# Task directions
Every line of the data below is to be given again as it appears, with the images removed.

# Recorded data
■ ■ ■

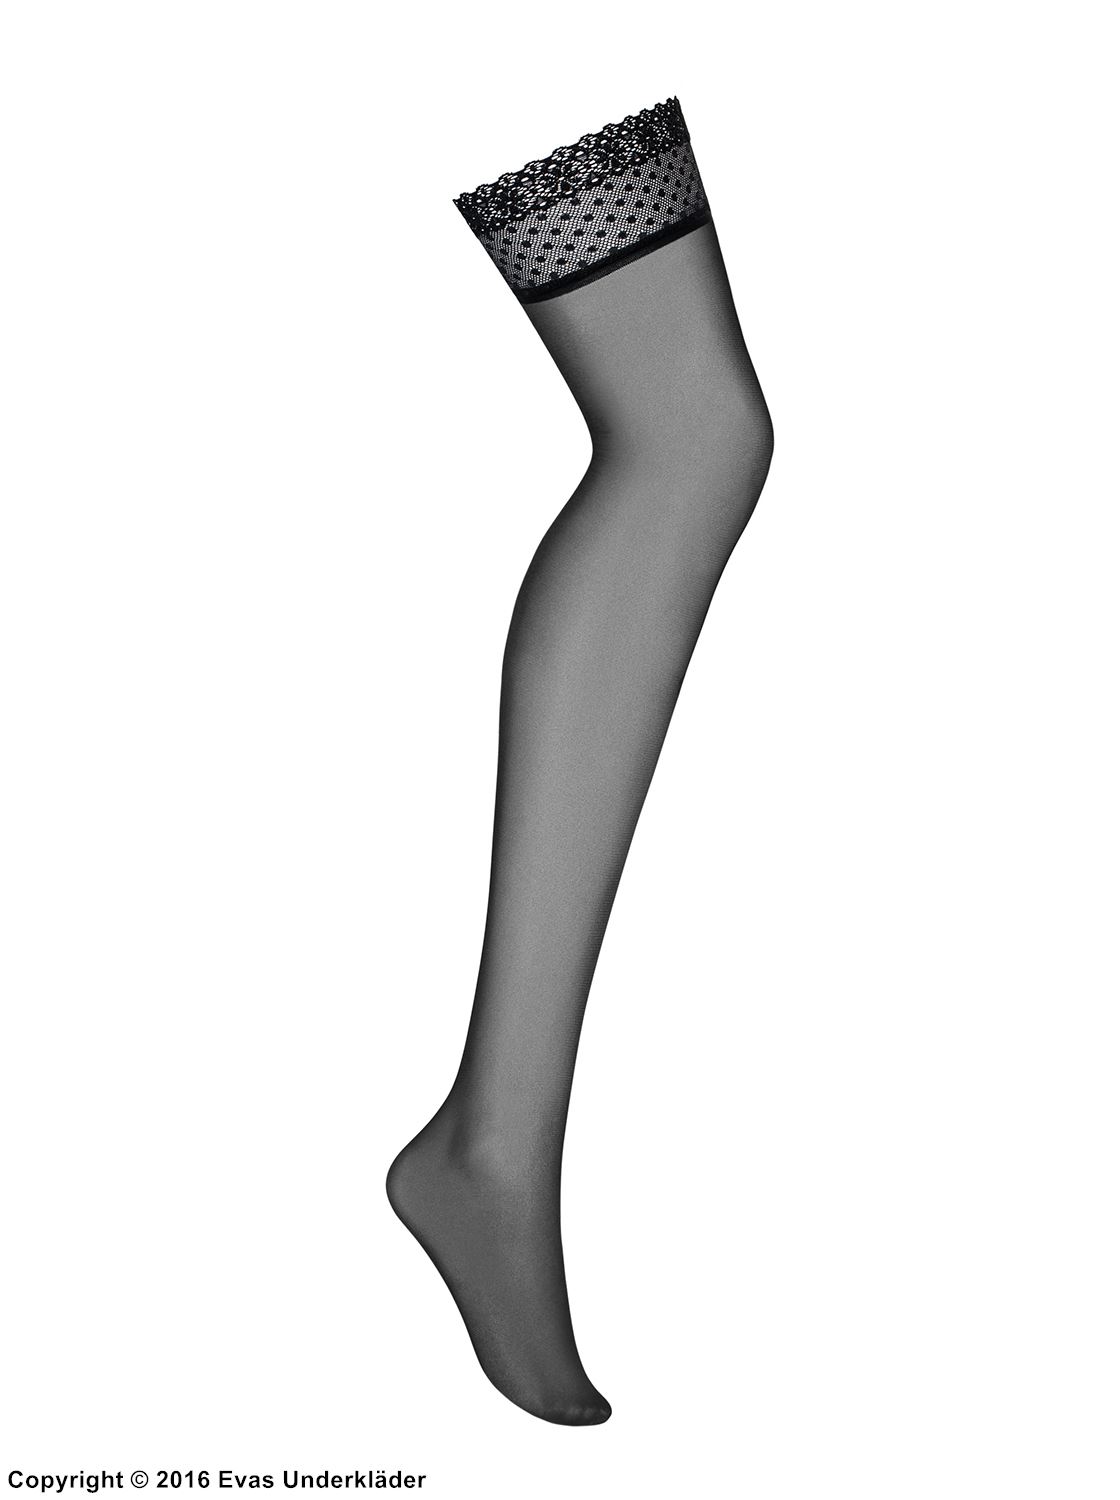 Romantic stockings, lace edge, small dots
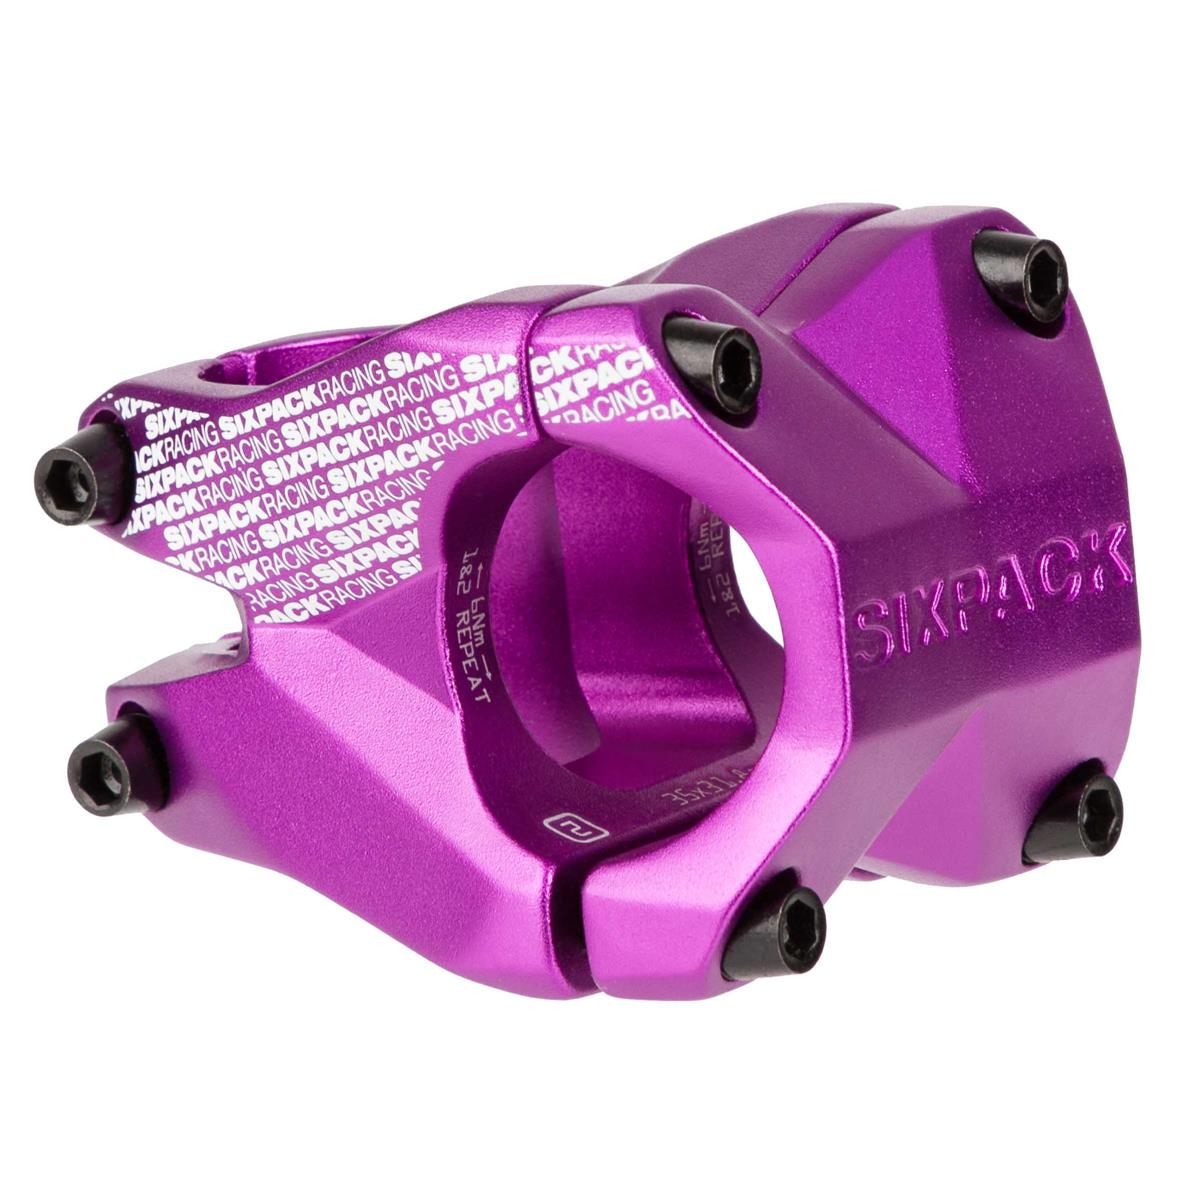 Sixpack Potence VTT Menace Purple, 31.8 mm, 35 mm Reach
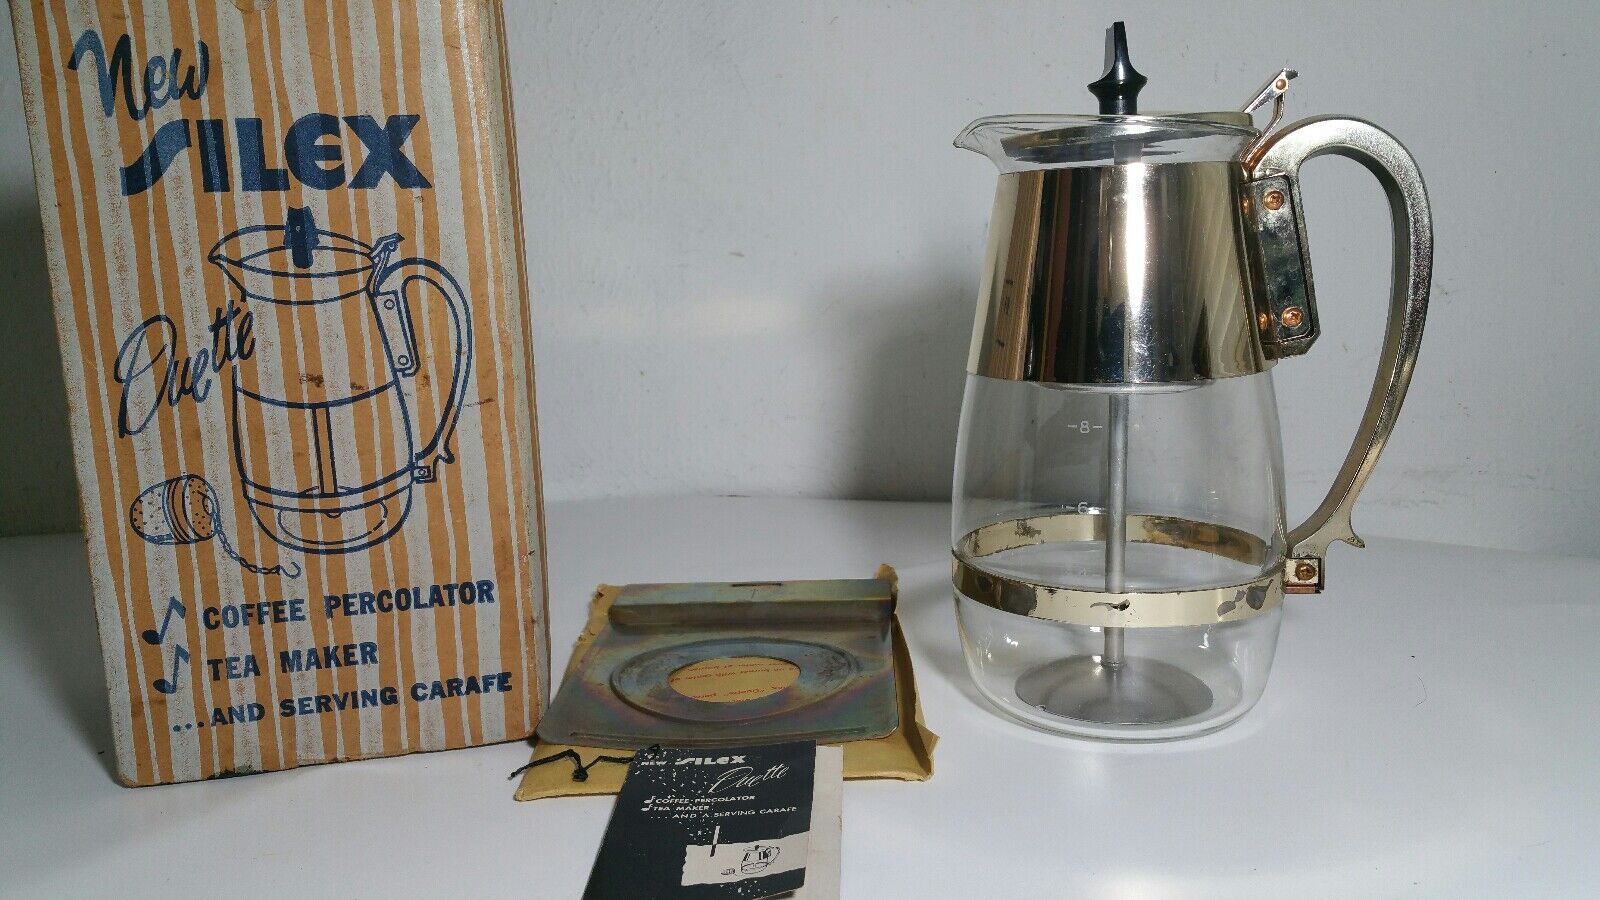 Silex Duette Coffee Percolator Tea Maker Serving Carafe Vintage USA Mid Century
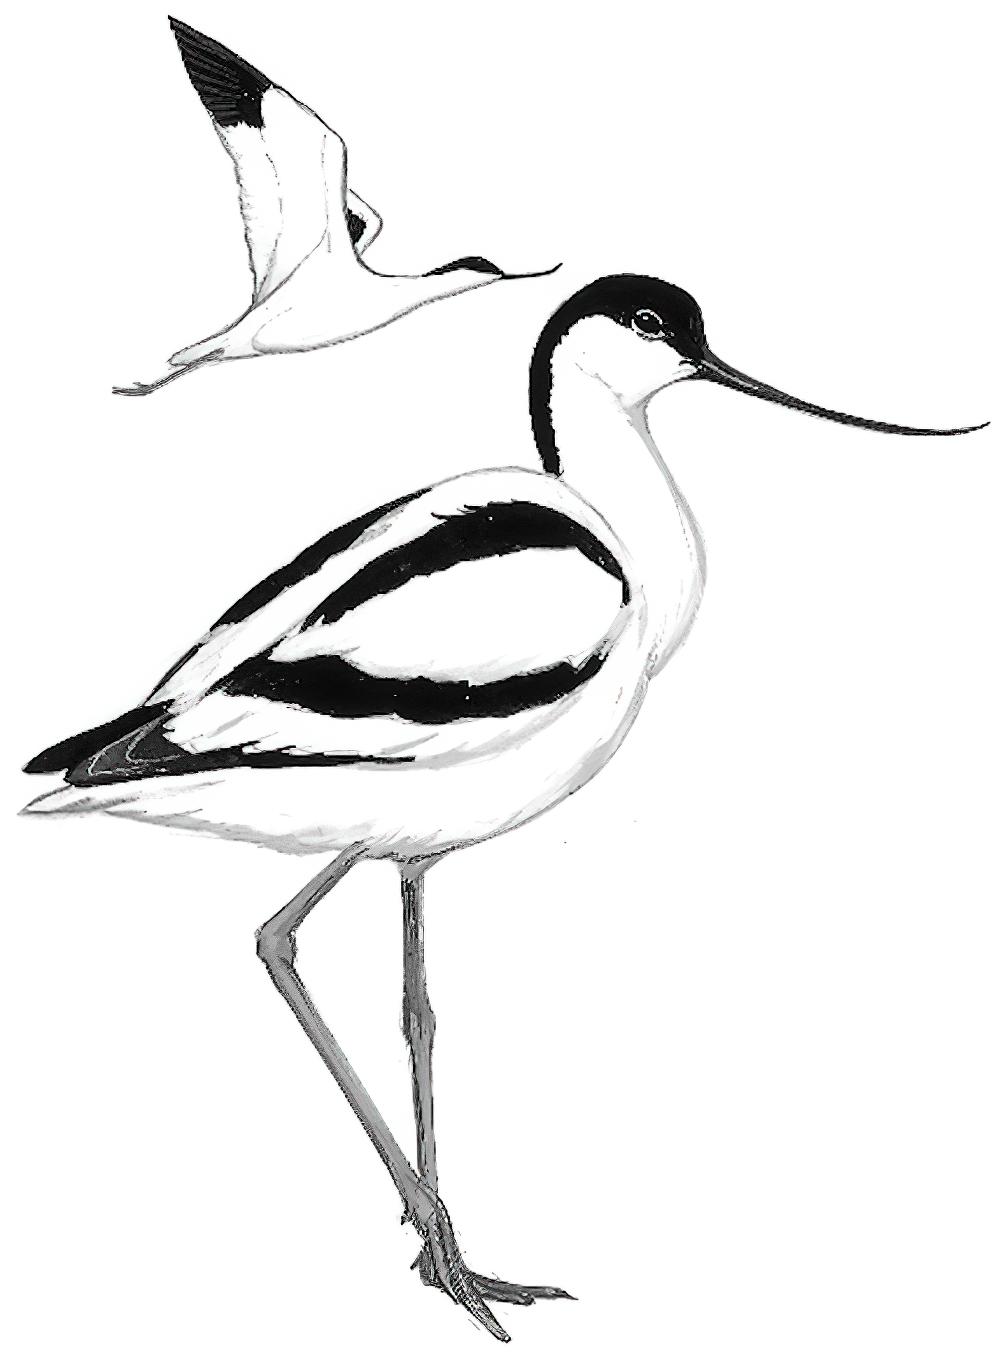 反嘴鹬 / Pied Avocet / Recurvirostra avosetta

■ ■ ■

# Expected output
 Romantic stockings, lace edge, small dots
 Sixpack Potence VTT Menace Purple, 31.8 mm, 35 mm Reach
 Silex Duette Coffee Percolator Tea Maker Serving Carafe Vintage USA Mid Century
 反嘴鹬 / Pied Avocet / Recurvirostra avosetta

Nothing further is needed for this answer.